◆ DATA SEGMENT
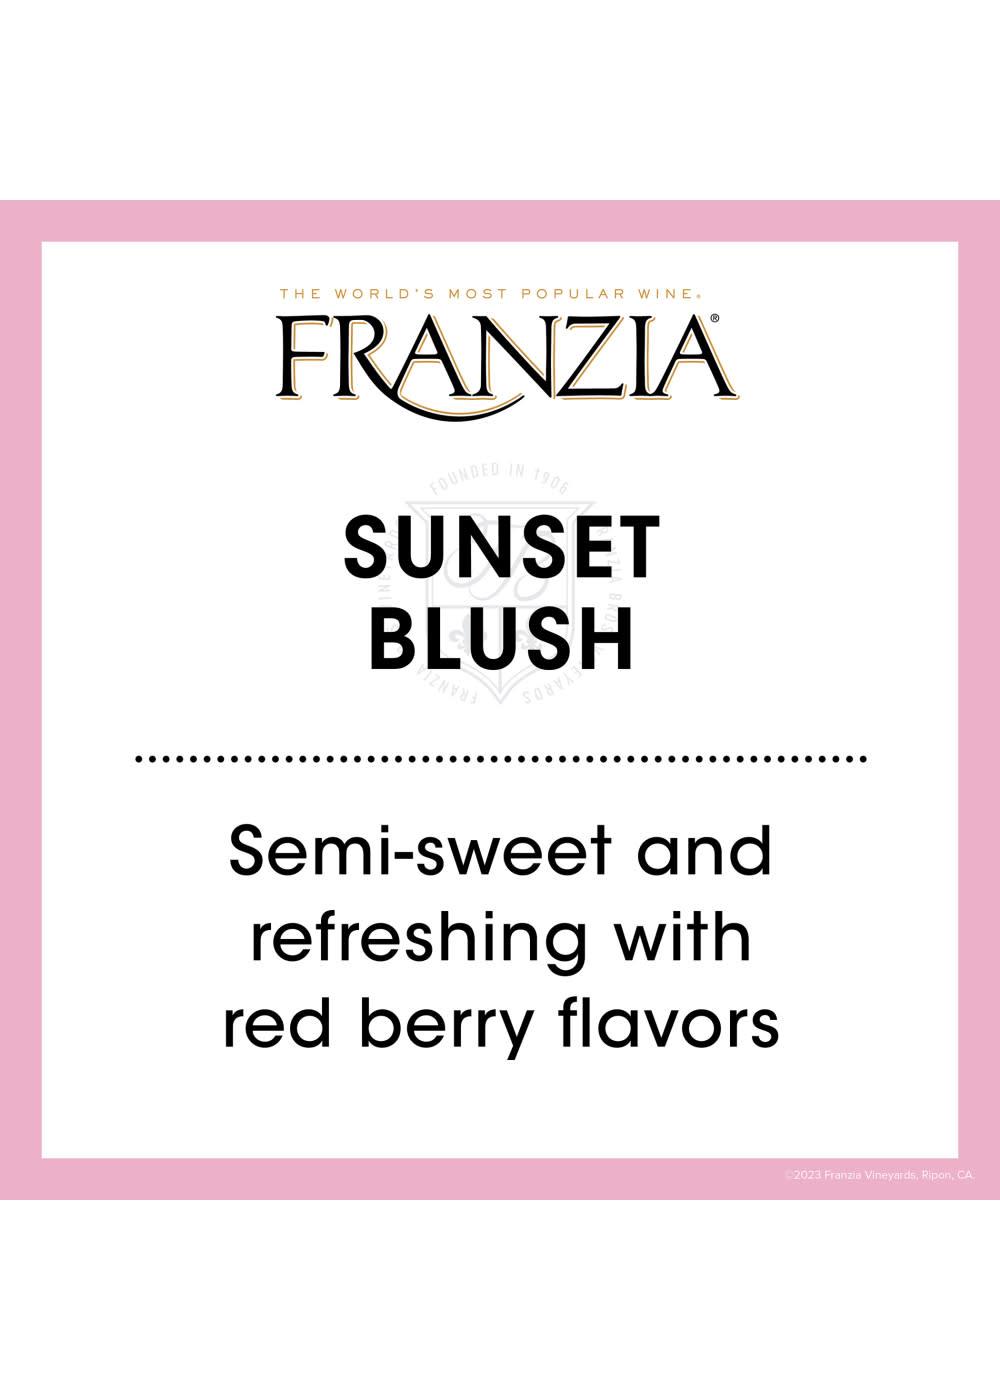 Franzia Sunset Blush Boxed Wine; image 3 of 7
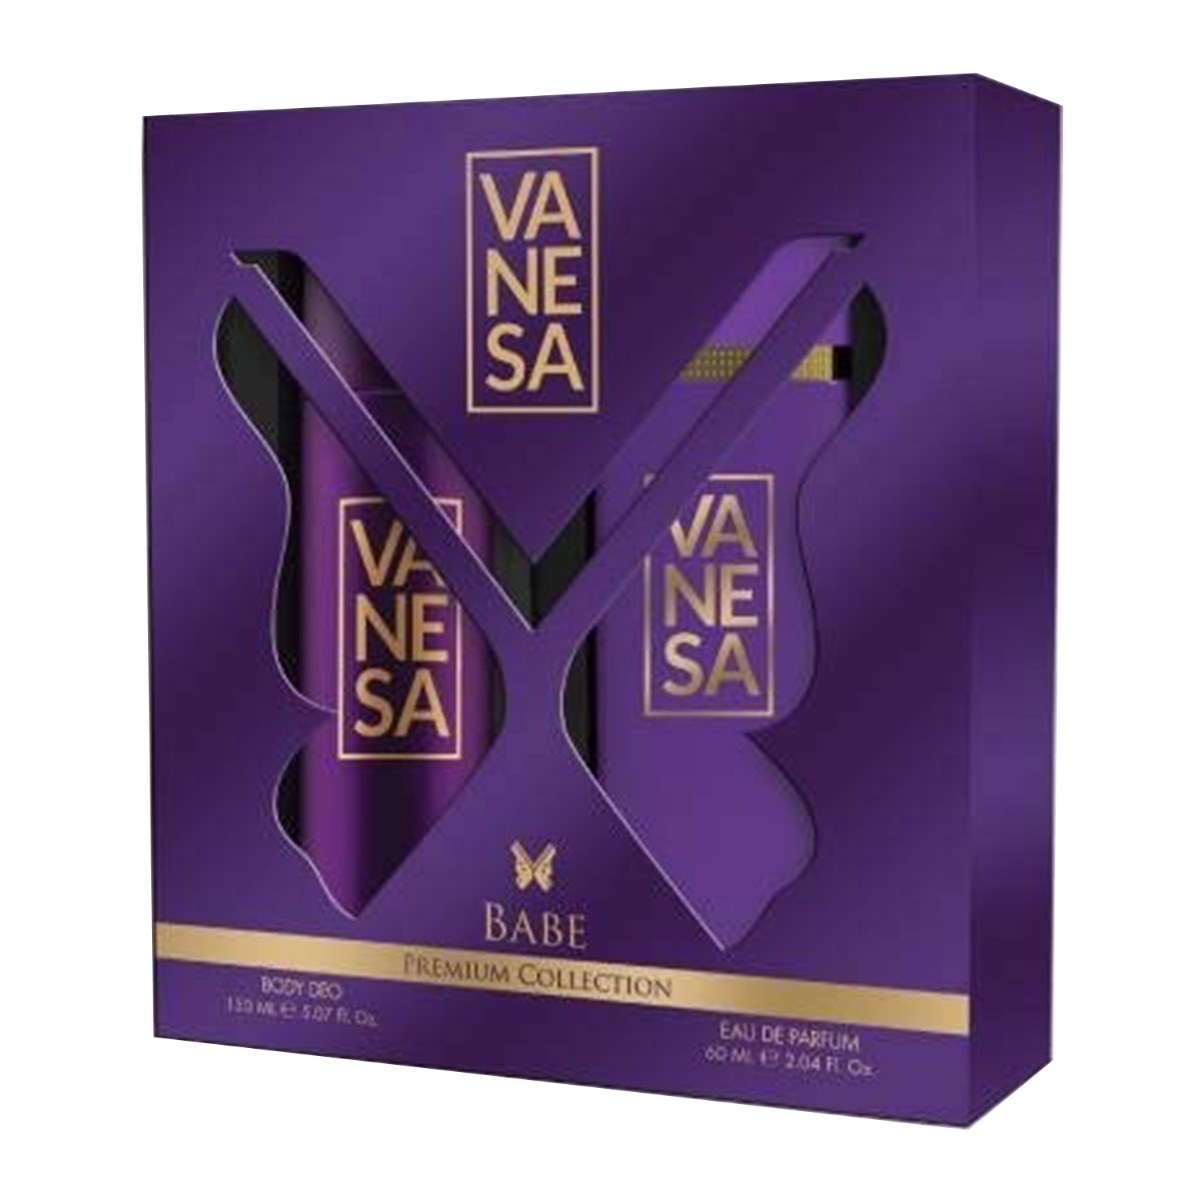 Vanesa Babe Gift Pack For Women, Combo
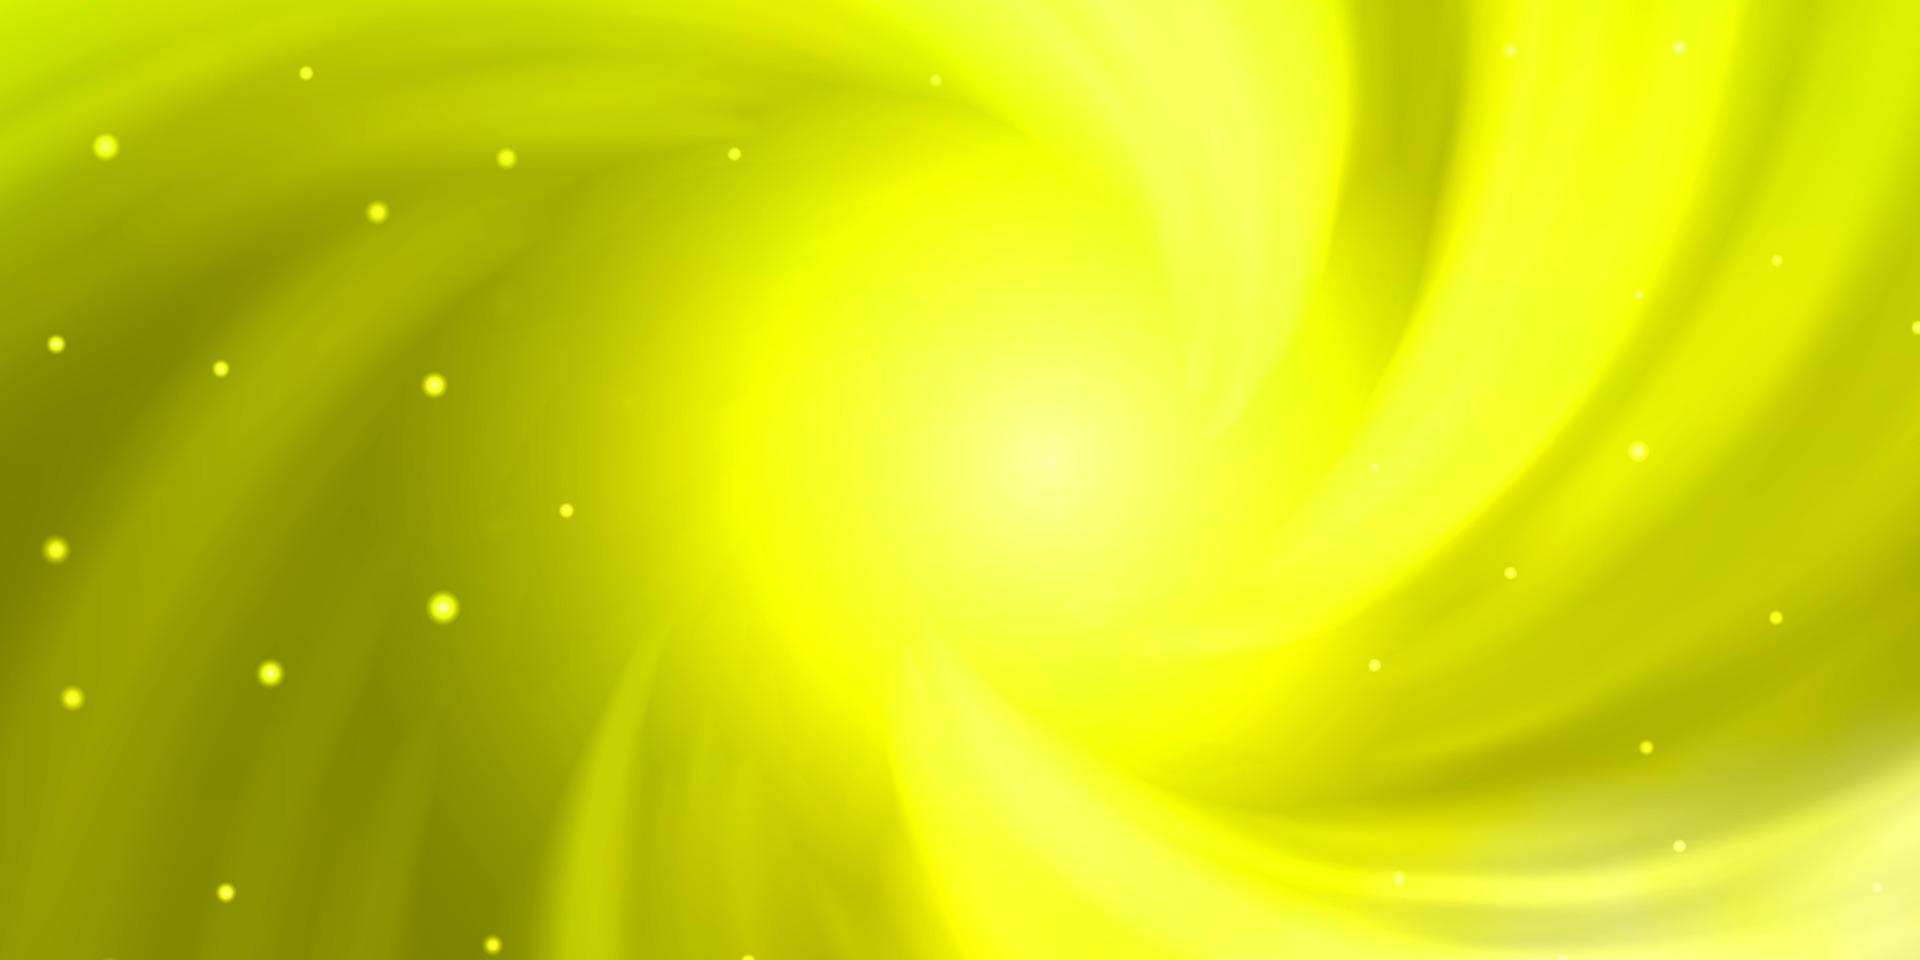 Fondo de vector verde claro, amarillo con estrellas pequeñas y grandes.

◆ ASSIGNMENT
Everything in the listing must be restated word for word, except for the pictures.

◆ TASK SOLUTION
 Franzia Sunset Blush Boxed Wine; image 3 of 7
 Vanesa Babe Gift Pack For Women, Combo
 Fondo de vector verde claro, amarillo con estrellas pequeñas y grandes.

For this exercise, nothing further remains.